Kathleen Blanchard's picture
BPA Household Items

Health conscious consumers have been rallying against the plasticizer Bisphenol-A that has been linked to ill health effects New research shows, contrary to what we thought we knew, that even tiny amounts of BPA poses significant health risks to humans and wildlife alike. The finding is frightening, considering we’ve all been exposed to the chemical daily.

Just last month scientists published findings that BPA is a concern for raising breast cancer risk in women. Bisphenol-A is an endocrine (hormone) disruptor that has been linked to miscarriage, heart rhythm problems, behavior problems, obesity, tooth decay and other serious diseases.

Rat studies have shown the chemical that is in plastics, dental sealants, the lining of food cans and more and is also used as a coating on grocery store receipts can interfere with male testosterone levels that could lead to male infertility. Rat fetuses exposed to the chemical have shown reproductive abnormalities.

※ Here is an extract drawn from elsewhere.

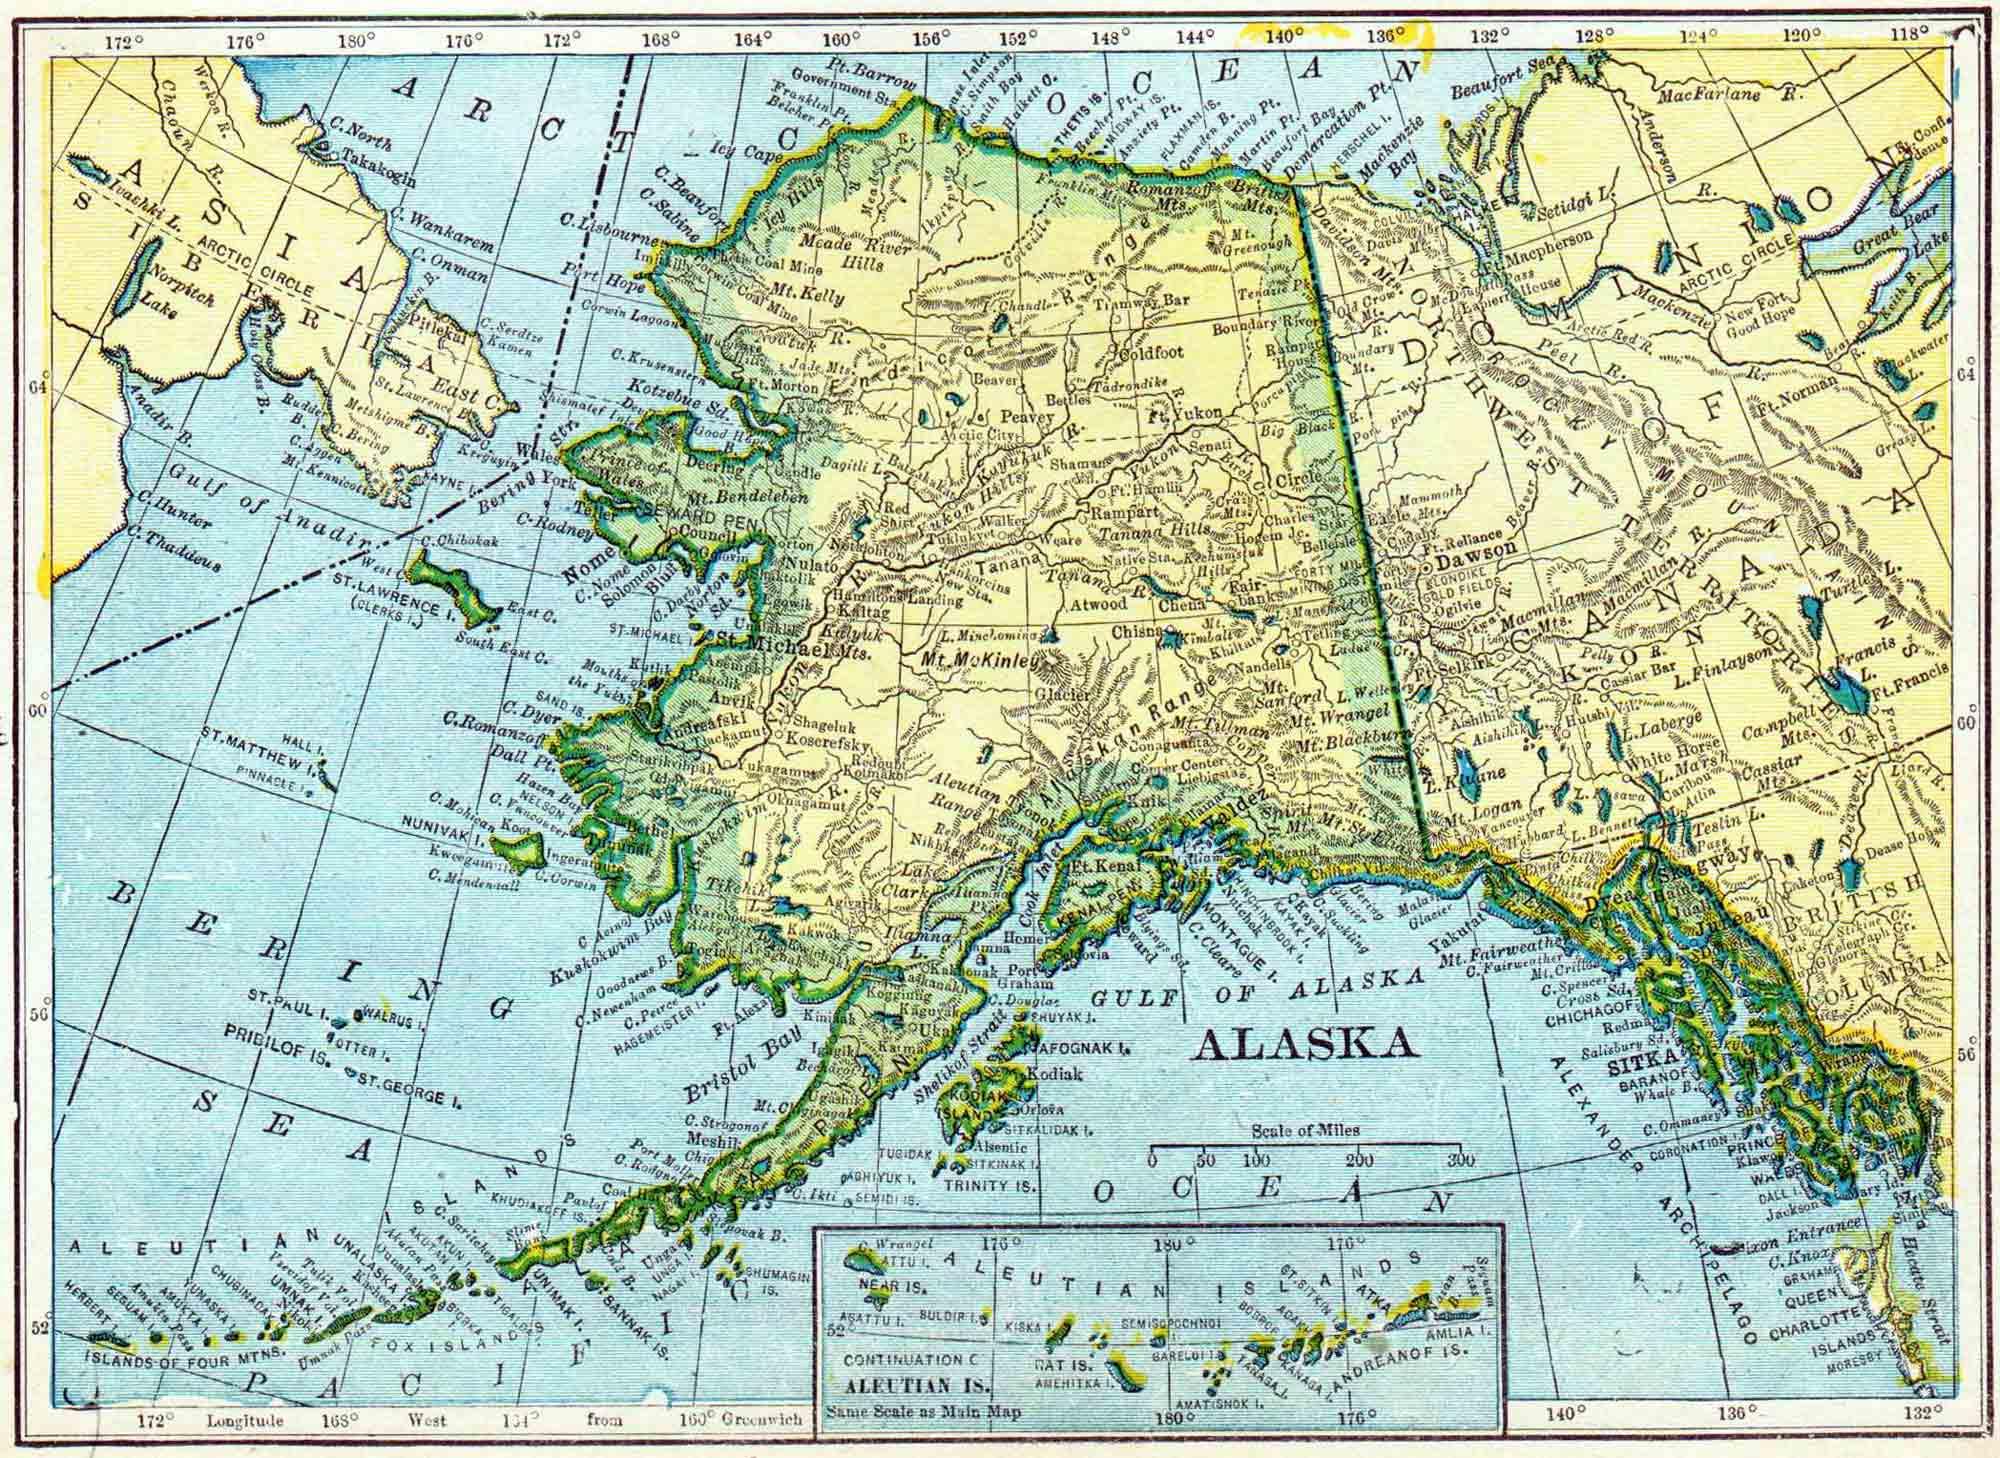 1910 Alaska Census Map   Access Genealogy
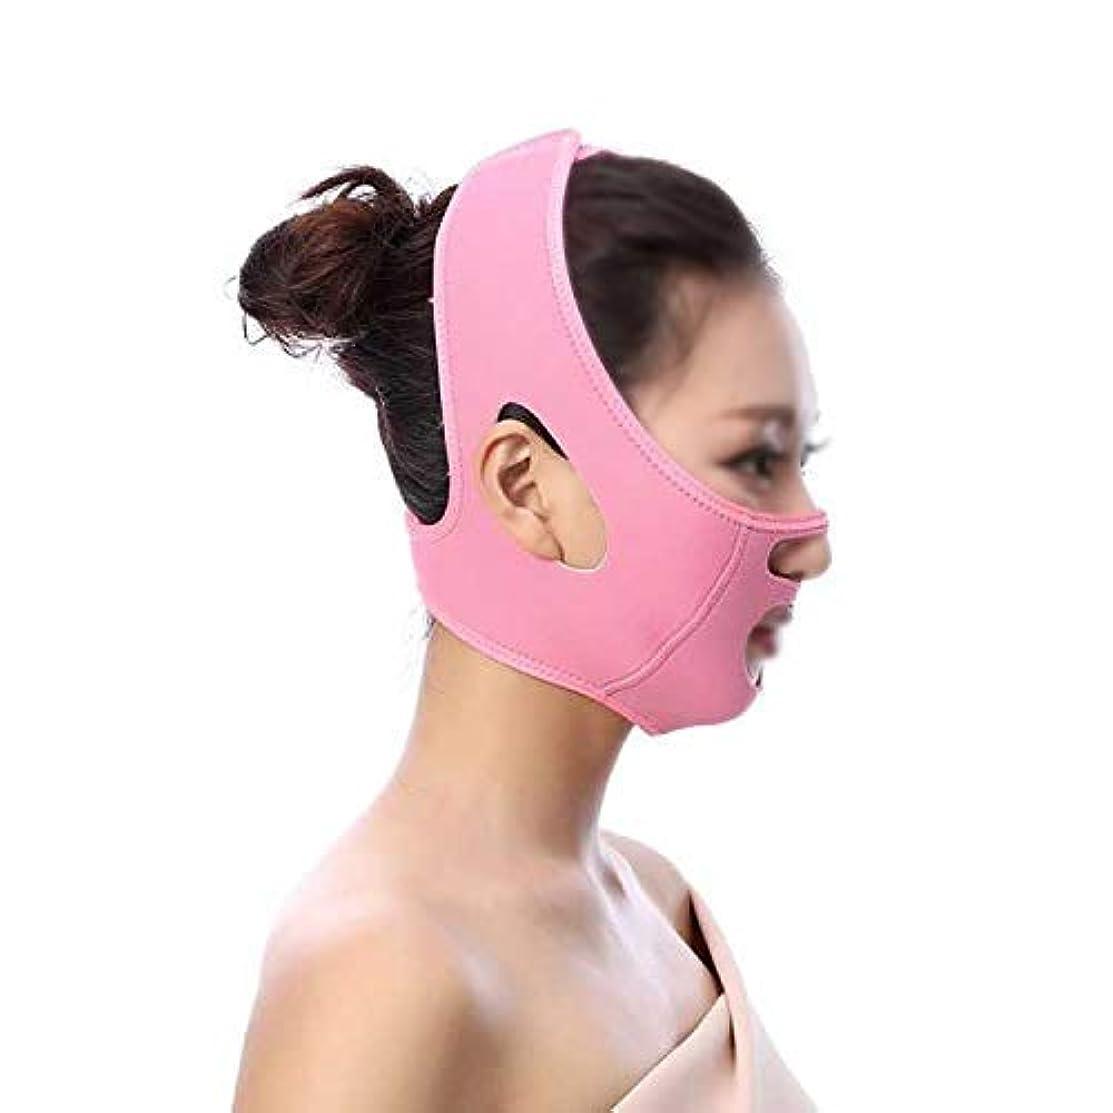 痩身ベルト、フェイスマスクvフェイスアーティファクトにあごを持ち上げるフェイスマスク睡眠薄いVフェイス包帯薄いフェイスステッカー

Even in the wild BPA and other environmental toxins, perhaps combined even, have been suspected to be the cause of some pretty bizarre anomalies - for instance, frogs with both male and female characteristics.

The newest BPA finding

According to the newest finding, typical toxicology reports have found only very high levels of BPA disrupt the hormone response in the body.

For decades scientists have studied the effect of BPA but they haven’t been matching the endpoints of their studies with the toxicology reports.

Researchers who study endocrine disruption collected new data then scrutinized its effect on cells, animals and humans, to find BPA can cause health harm even in tiny doses.

What exactly is BPA?

Bisphenol-A is an epoxy resin that has been identified as an endocrine disruptor since the 1930’s. Its biggest use is to make polycarbonate plastics.

But it’s also used to make eyeglasses, dental fillings, sealants, electronic devices in the home and media like DVDs and CDs.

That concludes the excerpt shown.